Mais: na sua opinião, “a Touriga Nacional tem que passar de moda, porque está a contaminar os vinhos pelo país inteiro”. “É uma casta com muita personalidade, que marca muito os vinhos, e cada vez se nota mais a Touriga Nacional a dominar os vinhos de quase todos os produtores, a começar pelos do Douro”, sublinha.
Do Minho ao Algarve, do Dão a Lisboa e passando até pelas ilhas, não há recanto com aptidão para a produção de vinho que não tenha Touriga Nacional plantada. Tradicionalmente associada ao Dão e ao Douro, a casta esteve quase extinta nesta última região na década de 70 do século passada. No resto do país não tinha qualquer expressão.
O resgate da Touriga Nacional começou na década de 80 com o trabalho de selecção das melhores castas para a produção de vinho do Porto desenvolvido por um grupo de estudiosos, à cabeça do qual estiveram José António Rosas e o seu sobrinho João Nicolau de Almeida, da casa Ramos Pinto. Esse trabalho de avaliação enológica e selecção massal e, mais tarde, clonal das melhores videiras deu origem à eleição de cinco castas primordiais: Touriga Nacional, Touriga Francesa (recatalogada de Touriga Franca), Tinto Cão, Tinta Barroca e Tinta Roriz.
A selecção foi pensada para o vinho do Porto, mas serviu também de catalisador ao boom de vinhos DOC Douro do início dos anos 90. Na verdade, a selecção dessas cinco castas foi o elemento fundador dos vinhos DOC Douro, que, até então, eram insignificantes, maus e praticamente exclusivos das adegas cooperativas.

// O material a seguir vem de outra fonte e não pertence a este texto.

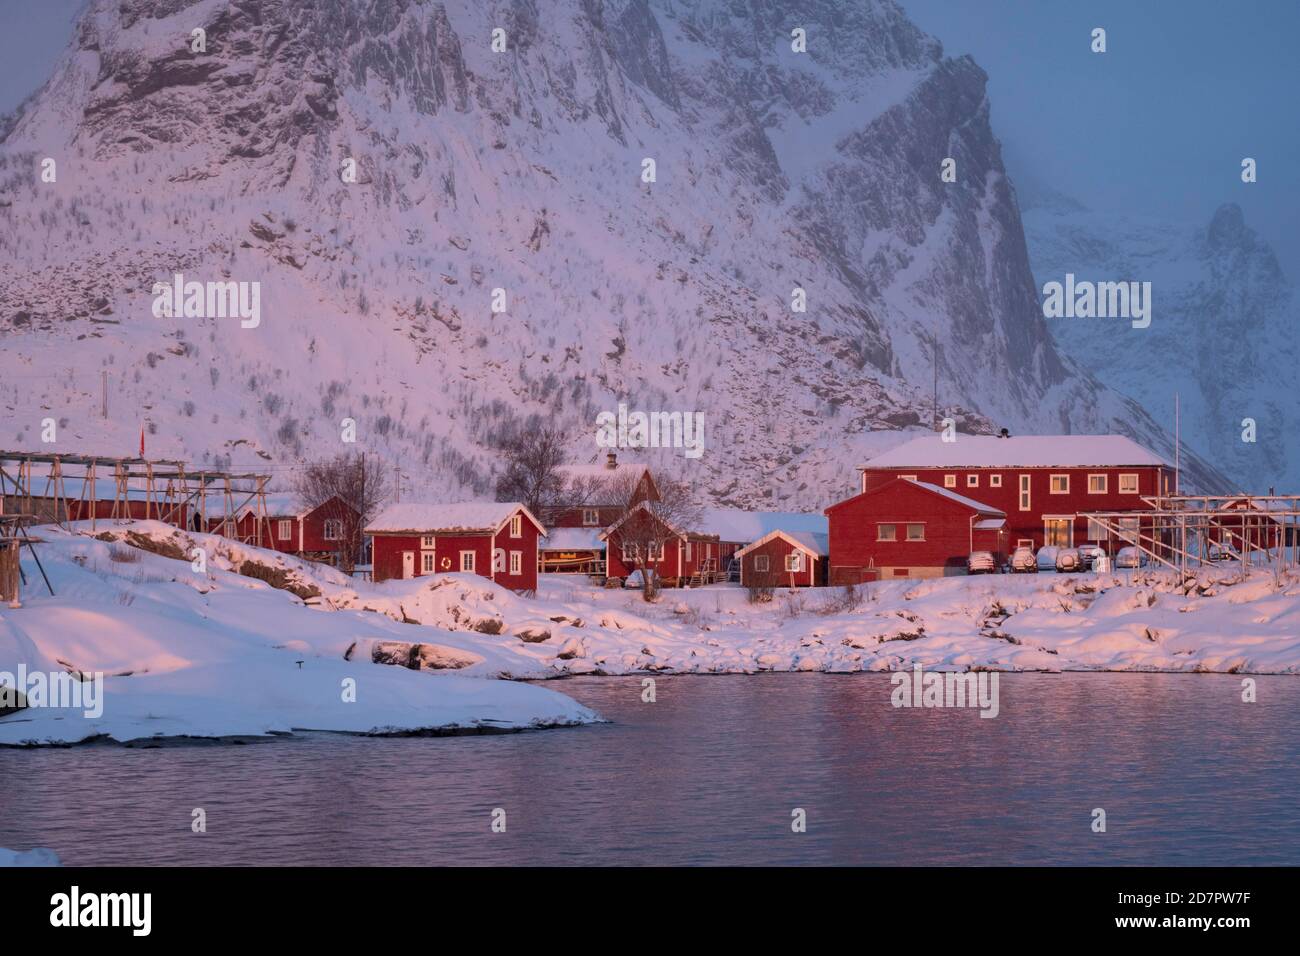 Winterstimmung am frühen Morgen im Fischerdorf, Stockfischregale, Schneefall in den Bergen, reine, Nordland, Lofoten, Norwegen Stockfoto

Com o tempo, os produtores de DOC Douro foram afunilando a escolha e, em geral, reduzindo o lote a três castas: Touriga Nacional, Touriga Franca e Roriz (agora, começou a entrar também o Sousão). E desde cedo que a Touriga Nacional se começou a distinguir das restantes, dada a sua exuberância aromática (frutos selvagens, violeta), sabor pronunciado e frescor cítrico.
O seu sucesso foi tal que, em poucos anos, se tornou omnipresente nos rótulos dos vinhos portugueses, ao ponto de virar anedota, pois, se fosse verdade o que os rótulos transmitiam, a Touriga Nacional seria a casta mais plantada no país. E não era, nunca o foi e talvez nunca o venha a ser.

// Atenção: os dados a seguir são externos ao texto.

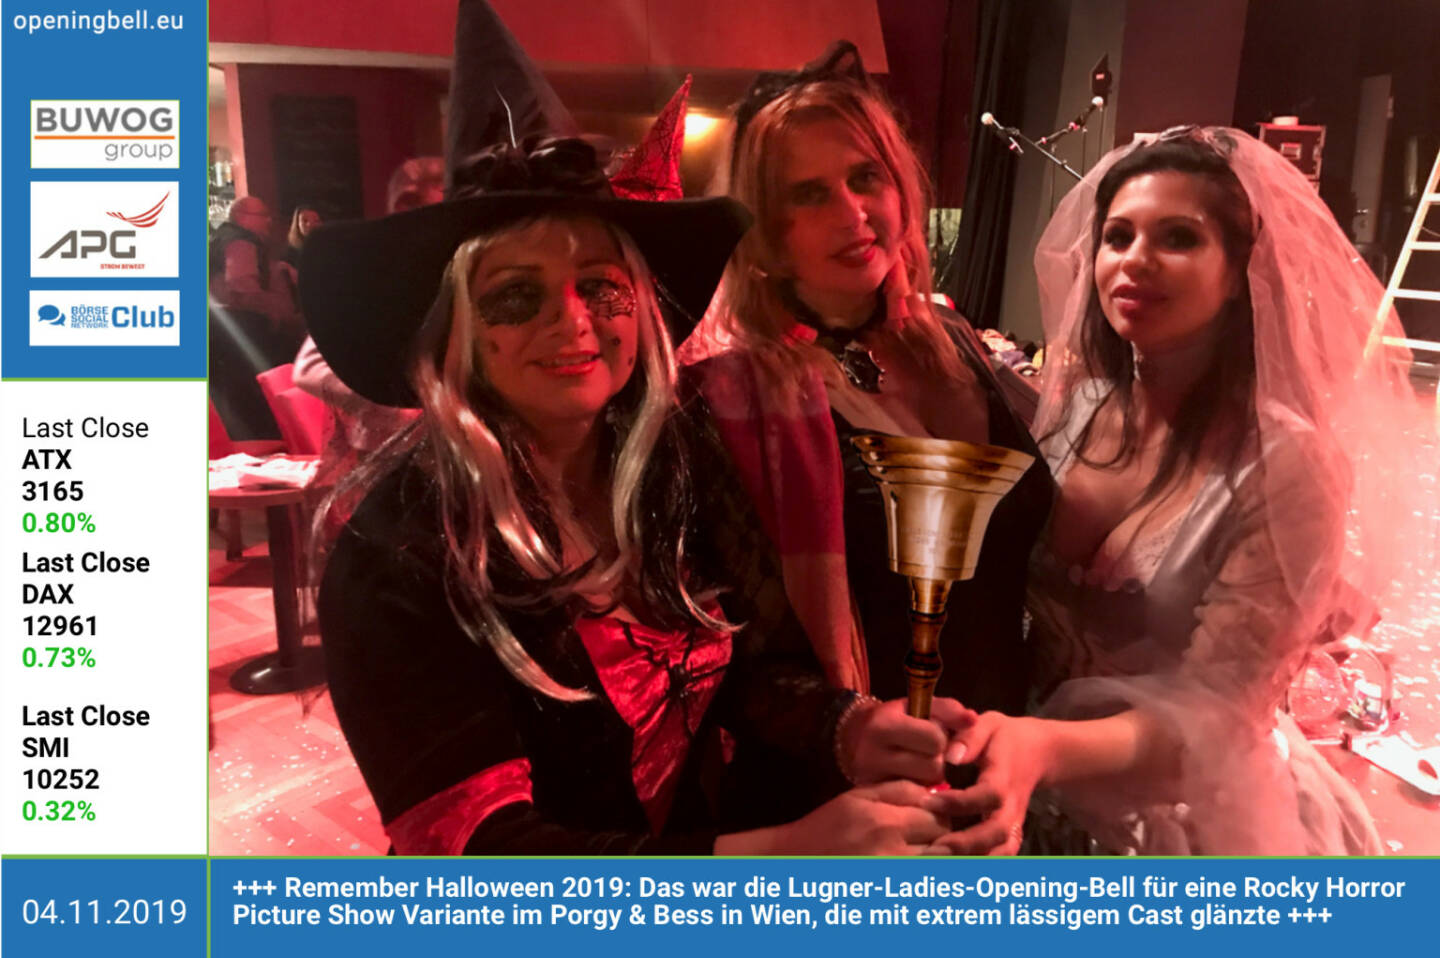 4.11.: Remember Halloween 2019: Das war die Lugner-Ladies-Opening-Bell für eine Rocky Horror Picture Show Variante im Porgy & Bess in Wien, die mit extrem lässigem Cast glänzte http://www.porgy.at

O triunfo da Touriga Nacional não pode, no entanto, ser considerado um epifenómeno. No Dão, sempre foi a sua principal casta e os lendários vinhos tintos de 1963 do Centro de Estudos de Nelas, feitos à base de Touriga Nacional, eram a prova da sua verdadeira valia. O seu problema sempre esteve na vinha.
Selvagem como poucas, é uma verdadeira dor de cabeça para os viticultores, tanto durante a fase de crescimento, em que cai para todos os lados, quanto no momento da colheita, dado o reduzido tamanho dos seus cachos e a forma meio anárquica como se distribuem na videira. Como era natural, com o tempo, a opção do viticultor foi recaindo em castas mais fáceis de trabalhar e mais produtivas. Graças à modernização das vinhas e à selecção de clones mais produtivos, a Touriga Nacional começou a ser domesticada e a recuperar gradualmente a simpatia dos produtores.
À medida que os novos vinhos DOC foram ganhando reconhecimento nacional e internacional e os prémios se foram acumulando, a plantação da casta foi também crescendo, primeiro no Douro, depois no resto do país. E a sua notoriedade aumentou de tal forma que, a partir de um certo momento, a Touriga Nacional começou a ser vítima do seu próprio sucesso. Entre a crítica e alguns enólogos mais inconformistas, passou a ser démodé falar bem da Touriga Nacional.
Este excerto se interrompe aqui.